Thread: [PERFORM] select subquery versus join subquery

[PERFORM] select subquery versus join subquery

From
Jeff Janes
Date:
I need to make a view which decorates rows from a parent table with aggregated values from a child table.  I can think of two ways to write it, one which aggregates the child table to make a new query table and joins the parent to that, as shown in "view1" below.  Or does subselect in the select list to aggregate just the currently matching rows, and returns that value, as in "view2" below.

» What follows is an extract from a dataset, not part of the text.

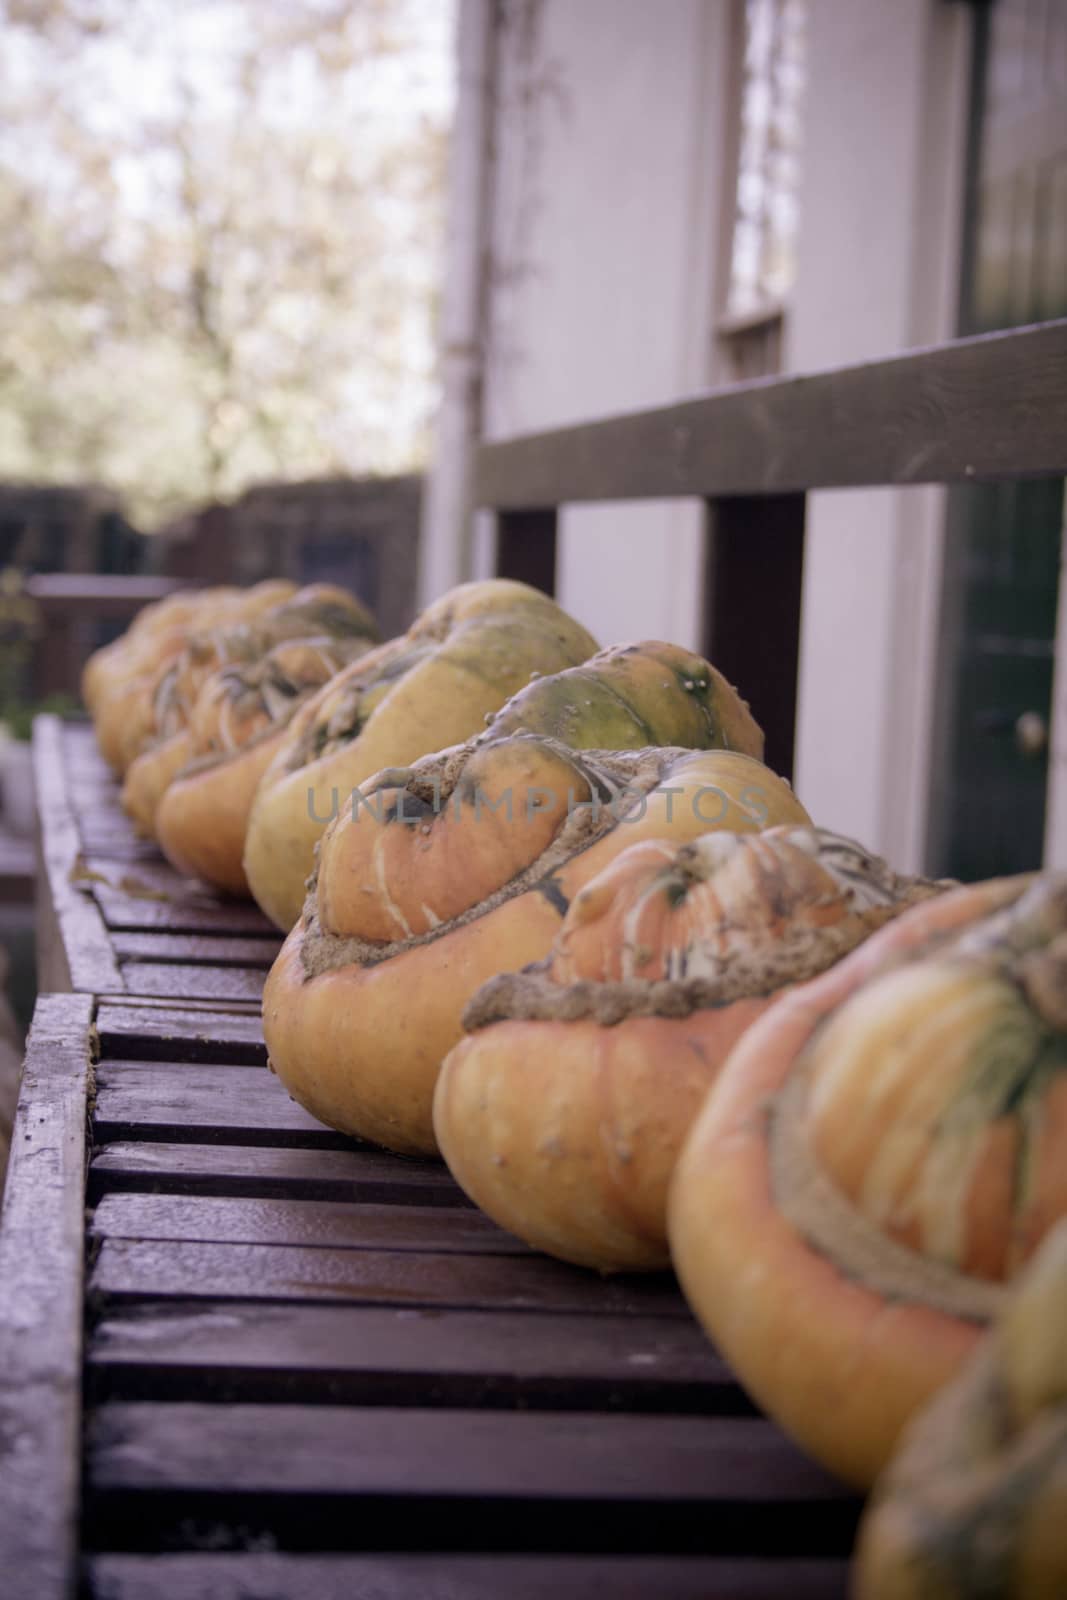 A row of pumpkins lined up on a bench in front of Charles Darwin's house.

While these two are semantically equivalent, the planner doesn't understand that, and always executes them pretty much the way you would naively do it based on the text of the query.

But view1 is pretty slow if the WHERE clause is highly selective (like "WHERE cutoff<0.00001") because it has to summarize the entire child table just to pull out a few rows.  But view2 is pretty slow if the entire view or most of it (like "WHERE cutoff<0.9") is being returned.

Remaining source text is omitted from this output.